На площадку, где мы недавно вместе перекуривали, я выходил не спеша, внутренне посмеиваясь над своей сверхподозрительностью.
Первым моим порывом было дернуть стоп-кран и ручку экстренного открывания дверей, выпрыгнуть из вагона и начать преследование, ведь сойти он мог только на платформе «Карьер». Однако я вспомнил о чемодане и, остановив поезд, почти бегом вернулся в головной вагон. По пути я столкнулся с помощником машиниста, выяснявшим причину остановки, и увлек его за собой.
В отличие от хозяина — теперь уже принадлежность чемоданчика Исаеву не вызывала у меня сомнений, — «атташе» по-прежнему покоился в багажной сетке. Я снял его оттуда, раскрыл и… в тридцатиградусную жару мне стало холодно. Шевелюра из черных вьющихся волос!
Парик лежал поверх небольшой стопки рубашек и белья, из нее выскользнули золотые часы с массивным браслетом. На дне чемоданчика я обнаружил скомканное полотенце в характерных бурых пятнах и со штампом МПС…
Передо мной несколько минут назад сидел убийца! Даже самые худшие мои подозрения не шли ни в какое сравнение с действительностью. Я упустил убийцу…
В стрессовых ситуациях людям свойственно действовать автоматически. Думая о сбежавшем убийце, я одновременно входил в кабину машиниста.
— Скорее микрофон, — попросил я, — на Карьере сошел убийца.
Ребята не сразу поняли, о каком убийце идет речь, да ведь это и не суть важно: слово «убийца» обладает огромным эмоциональным воздействием. Помощник поднес микрофон ко рту, но тут же догадался передать его мне; щелкнул тумблер, включивший поездную радиосвязь.

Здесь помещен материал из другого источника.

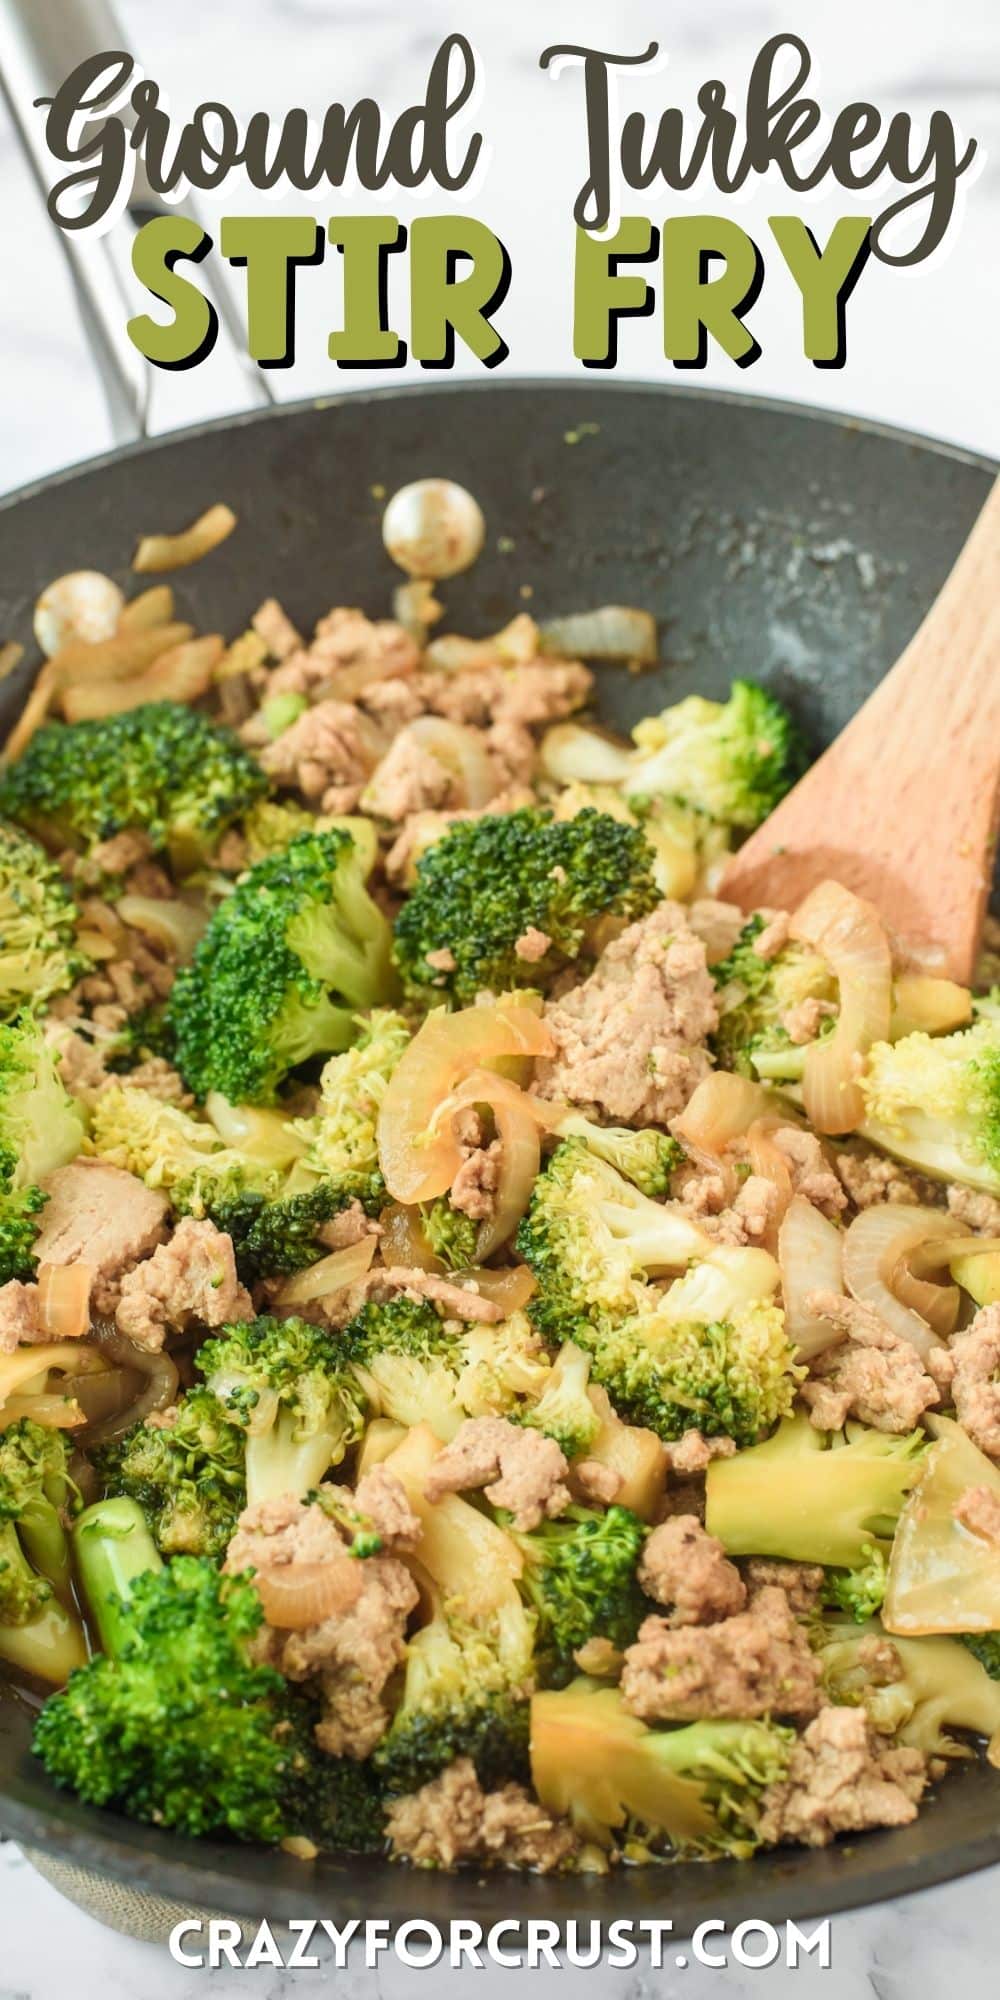 broccoli and meat mixed together in a black pan with words on the image
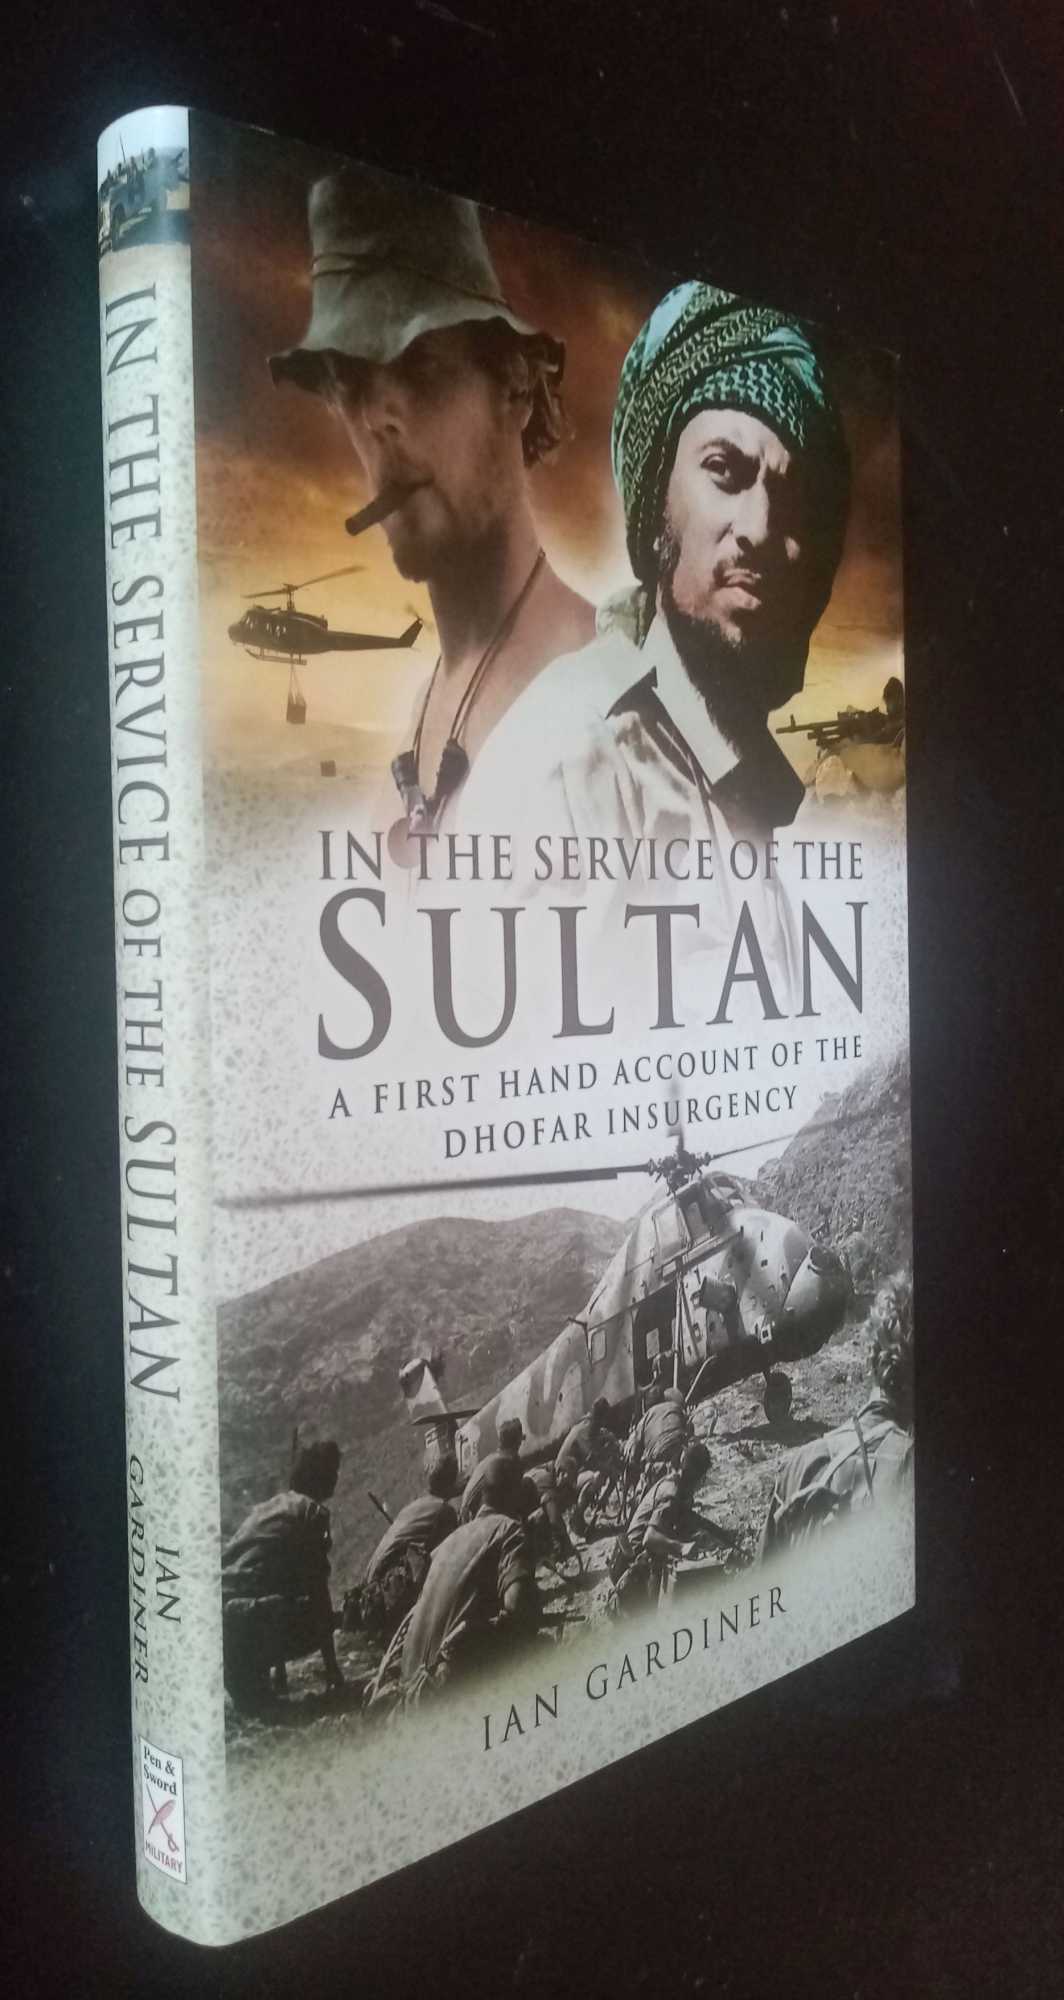 Ian Gardiner - In the Service of the Sultan: A First Hand Account of the Dhofar Insurgency  SIGNED/Inscribed

— Товарищи пассажиры! К вам обращается сотрудник уголовного розыска… На платформе Карьер с нашей электрички сбежал преступник, совершивший убийство в поезде Махачкала — Баку. Прошу дружинников и добровольцев оказать мне содействие в преследовании и задержании бандита. Сбор на шоссе…
Я не успел еще закончить фразы, как помощник машиниста включил устройство автоматического открывания дверей.
— Этот чемоданчик, ребята, передайте в линпост на Виноградной. Пусть немедленно вызывают наряд в район Карьера и сообщат по всей дороге приметы… — Я передал справку с фотокарточкой Исаева и выпрыгнул из вагона.
На шоссе меня ждало четверо. Я присоединился к ним, и мы быстро зашагали назад, вдоль поезда. Двери все еще были открыты, хотя новых добровольцев в них не появилось; пассажиры прильнули к окнам, провожая нас взглядами…
Трижды коротко прозвучал свисток электрички, это ребята комсомольско-молодежной бригады желали нам успеха, и дробный перестук колес еще долго, все более и более удаляясь, провожал нас, пока окончательно не затих вдалеке.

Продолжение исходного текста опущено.